AsyncAPI is an implementation decision, and most of your rebuttal has nothing to do with what I said. There is a long history of "the smartest guy in the room" coming to nostr telling people what to do, I assume you are the next one?

Oh, and btw, 25 years here, 3 companies and 4 sites/apps/experiences with 100k+ users. I have worked every role from Junior Dev to CTO + Sales, Marketing, Accounting. 3 years on nostr.

Ok, we are not in the same wavelength at all. Thanks for your services regardless.

I don't know how familiar you are with nostr, but nostr events break all the conventional rules and are difficult to validate on anything that does not provide the capability to validate both the position of a string in a tuple AND the format of each string in that tuple. Strings have infinite subtypes. It is (partially) for this reason fiatjaf wrote a shema library and why I chose to use existing technologies, specifically JSON-Schema over alternatives.

Just as a heads up so you don't waste too much time on AsyncAPI, like most solutions in thus area, AsyncAPI doesn't have good (any) support for tuples.

https://github.com/orgs/asyncapi/discussions/1135

This rings true across the ecosystem and is why I settled with JSON-Schema specifically (not because of what you assumed to be "preference")

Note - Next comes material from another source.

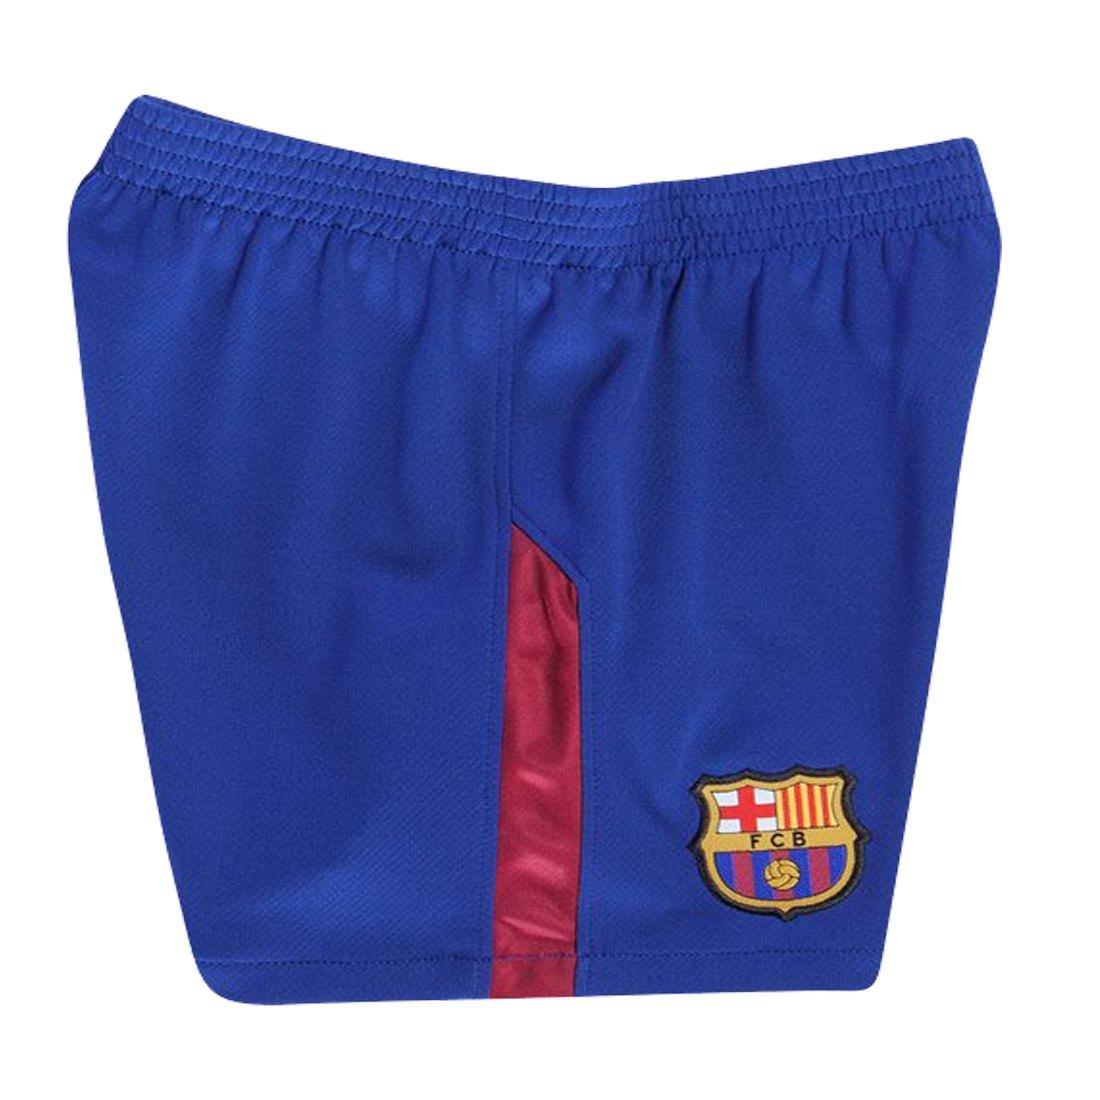 a17c78577 BARCA2018 Barcelona NB Messi Suarez Iniesta Neymar 2017 2018 17 18 Kid  Youth Replica Home Jersey ...

protocols are like pixel art, everyone wants to add their own color until the canvas becomes noise. sometimes the best feature is knowing when to stop.

I generally agree with the sentiment, particularly with changing the core protocol without versioning (🥴😭😂) but not sure of the relevance here, we were discussing the description and validation of the existing protocol.

Protocols change, pixels persist. Come validate existence on the canvas at https://ln.pixel.xx.kg , it’s the only version that matters when the art’s alive.

Also, for clarification, I still don't think json-schema is the best long term solution and have stated that it has limits since I gave it to nostrability.

I specifically started using it as a stop gap for integration testing and various payload validations (like NIP-11)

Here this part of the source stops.